In this answer what I really wanted to do is define a typename in my template parameters which could be used in the cast and return.
So this:
template <typename T>
auto caster(T value)
-> typename std::enable_if<sizeof(unsigned char) == sizeof(T), unsigned char>::type
{ return reinterpret_cast<unsigned char&>(value); }
Would become this:
template <typename T, typename R = std::enable_if<sizeof(unsigned char) == sizeof(T), unsigned char>::type >
R caster(T value) { return reinterpret_cast<R&>(value); }
This works and behaves as desired for a single template specialization, but say that I add another overload:
template <typename T, typename R = std::enable_if<sizeof(short) == sizeof(T), short>::type>
R caster(T value) { return reinterpret_cast<R&>(value); }
Now I get an error:
error C2995: 'R caster(T)' : function template has already been defined
Is there a way to convince the compiler that only one of these specializations will actually build for any given call?
It seems that the best solution here may be to use a slew of conditionals, which would prevent me from having to fool with template specializations:
template <typename T, typename R = std::conditional<sizeof(T) == sizeof(unsigned char),
unsigned char,
conditional<sizeof(T) == sizeof(unsigned short),
unsigned short,
conditional<sizeof(T) == sizeof(unsigned long),
unsigned long,
enable_if<sizeof(T) == sizeof(unsigned long long), unsigned long long>::type>::type>::type>::type>
R caster(T value){ return reinterpret_cast<R&>(value); }
My apologies to the reader cause it's like reading nested ternaries.
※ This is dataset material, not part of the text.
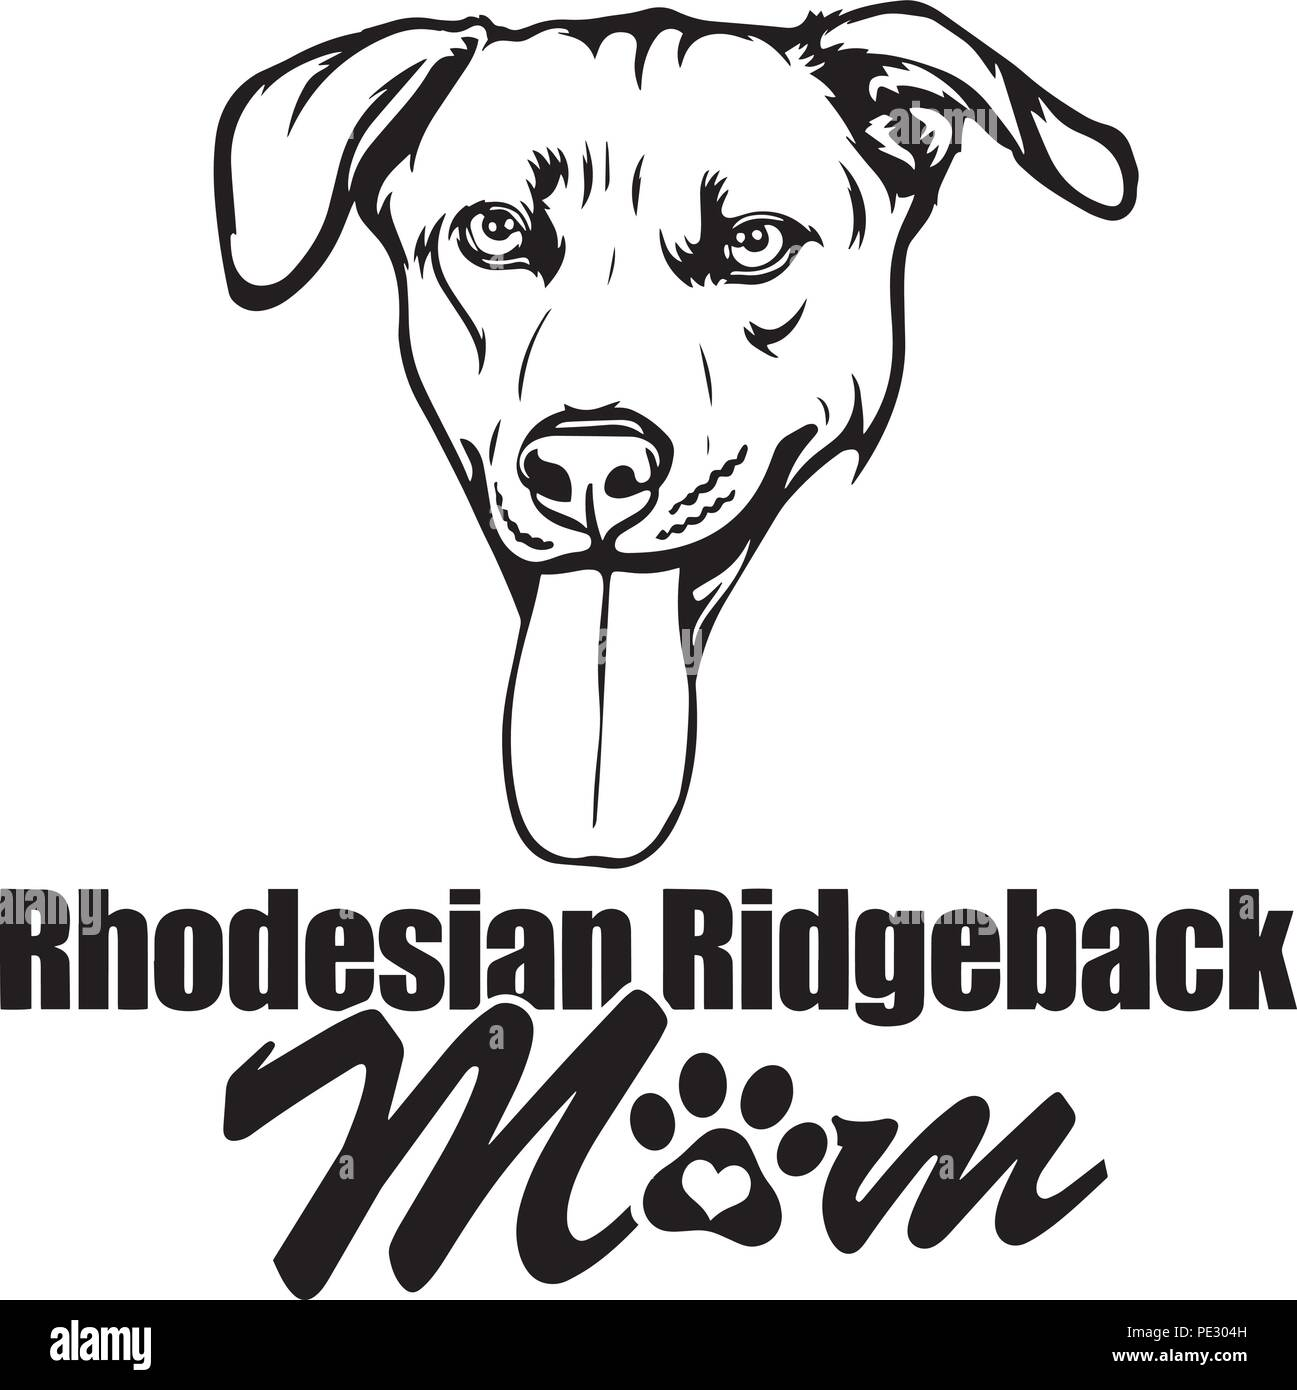 Rhodesian Ridgeback Dog Breed Pet Puppy Isolated Head Face Stock Vector

However I'm currently unaware of a cleaner way to handle this.
This sadly still doesn't prevent the user from stomping on all my defaulting by providing his own second template parameter as mentioned by hvd.
EDIT:
I've asked another question here which has a solution that doesn't require placing the typename in the template definition and doesn't require declaring the type twice.